Granite-3.1-2B-Instruct - AI Language Models Tool

Overview

Granite-3.1-2B-Instruct is a lightweight, open-source 2 billion-parameter instruction-following language model released by the Granite Team and IBM. It is a dense, decoder-only transformer finetuned from the Granite-3.1-2B-Base checkpoint using a mix of permissively licensed public instruction datasets plus internally generated synthetic data targeted at long-context problems. The model is optimized for practical developer uses—summarization, retrieval-augmented generation (RAG), function-calling, long-document QA and meeting summarization—while remaining small enough to run efficiently and to be quantized for CPU/edge inference. According to the project documentation, Granite 3.1 models extend context length up to 128K tokens and are released under an Apache 2.0 license (developer and commercial use permitted). ([replicate.com](https://replicate.com/ibm-granite/granite-3.1-2b-instruct?utm_source=openai)) Community feedback has been mixed: many users praise the 2B dense variant for speed, long-context handling, and efficient quantized deployments, while some community posts report uneven performance on coding tasks and occasional generation artifacts in complex scenarios. The Granite family (dense and MoE variants) was trained with large-scale token budgets (dense models cited as trained on ~12T tokens) and aims to provide a balance between efficiency and capability for enterprise customization and RAG-centric workflows.

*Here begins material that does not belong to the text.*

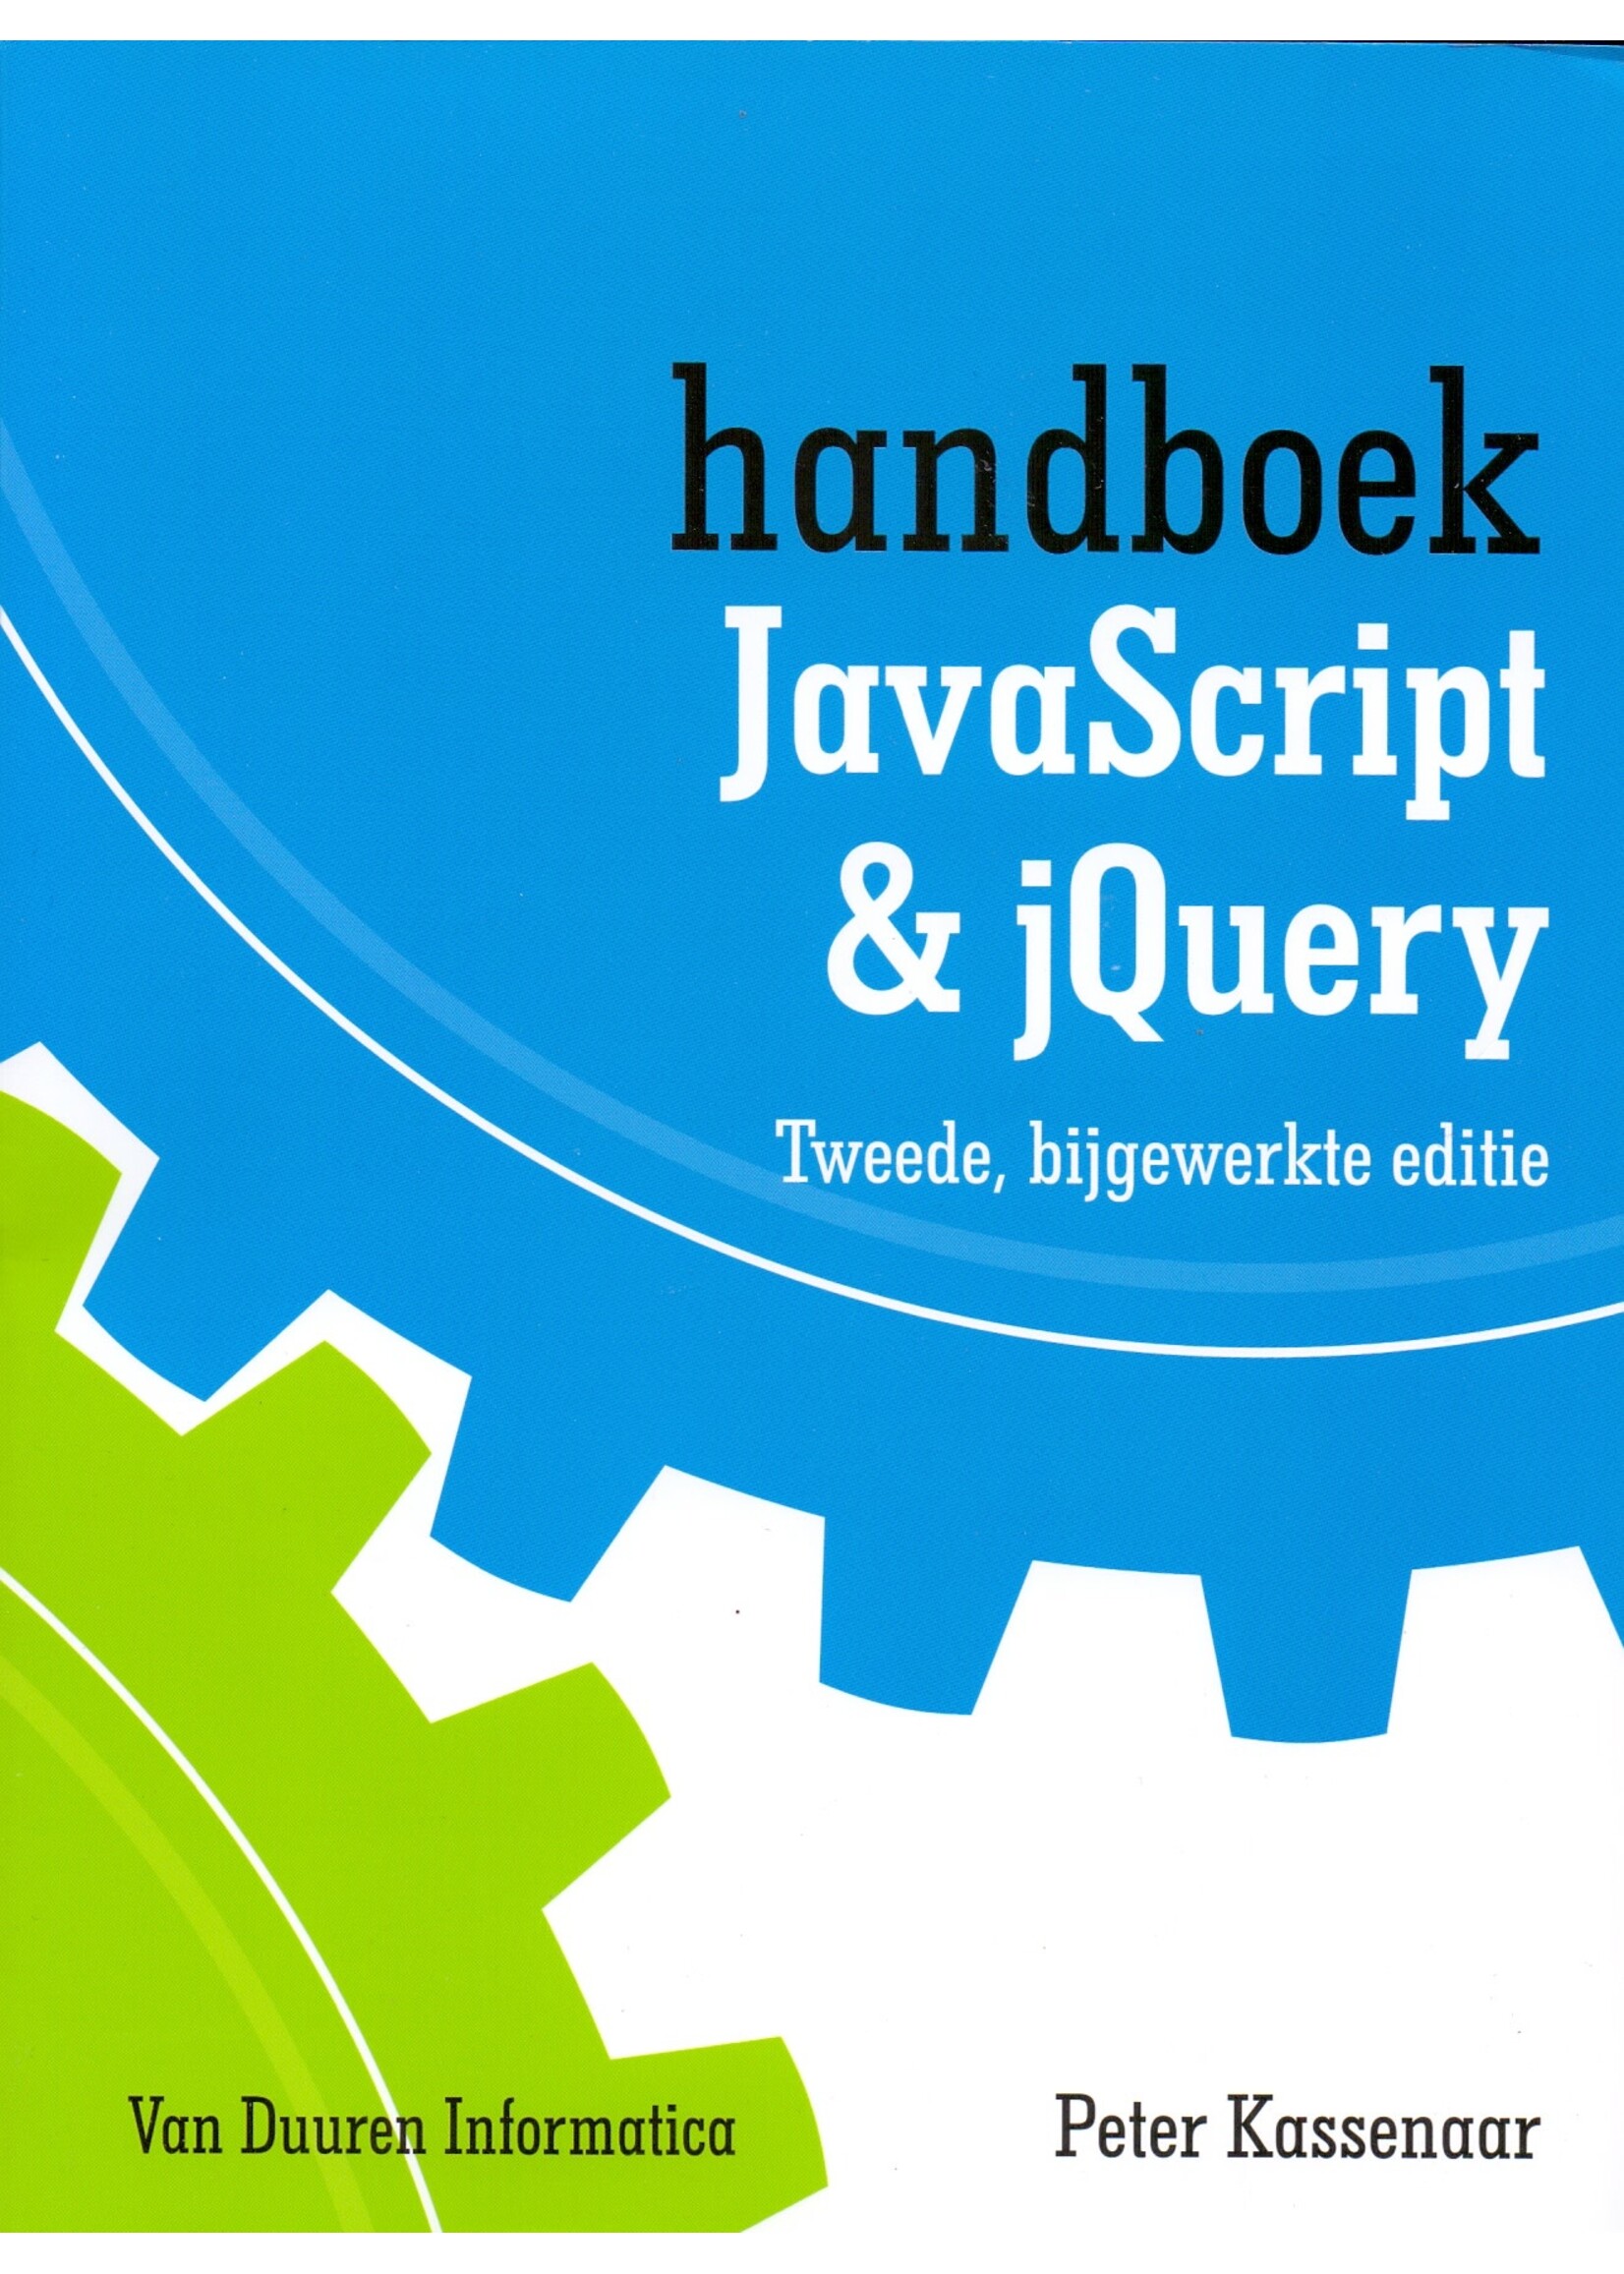 Boek Handboek Javascript & jQuery, Peter Kassenaar, Van Duuren Informatica, 9789059409156

For quick experimentation the model is available on platforms such as Replicate, Hugging Face, and community quantized builds for local inference. ([huggingface.co](https://huggingface.co/lmstudio-community/granite-3.1-2b-instruct-GGUF?utm_source=openai))

Key Features

  • 128K token context window for long-document and meeting summarization.
  • Instruction-tuned for summarization, QA, extraction, and RAG workflows.
  • Function-calling and structured chat-format support for tool/agent integration.
  • Multilingual support across 12 languages (EN, DE, ES, FR, JA, PT, AR, CS, IT, KO, NL, ZH).
  • Small 2B dense footprint designed for efficient quantization and CPU/edge deployments.

Example Usage

Example (python):

import torch
from transformers import AutoTokenizer, AutoModelForCausalLM

model_id = "ibm-granite/granite-3.1-2b-instruct"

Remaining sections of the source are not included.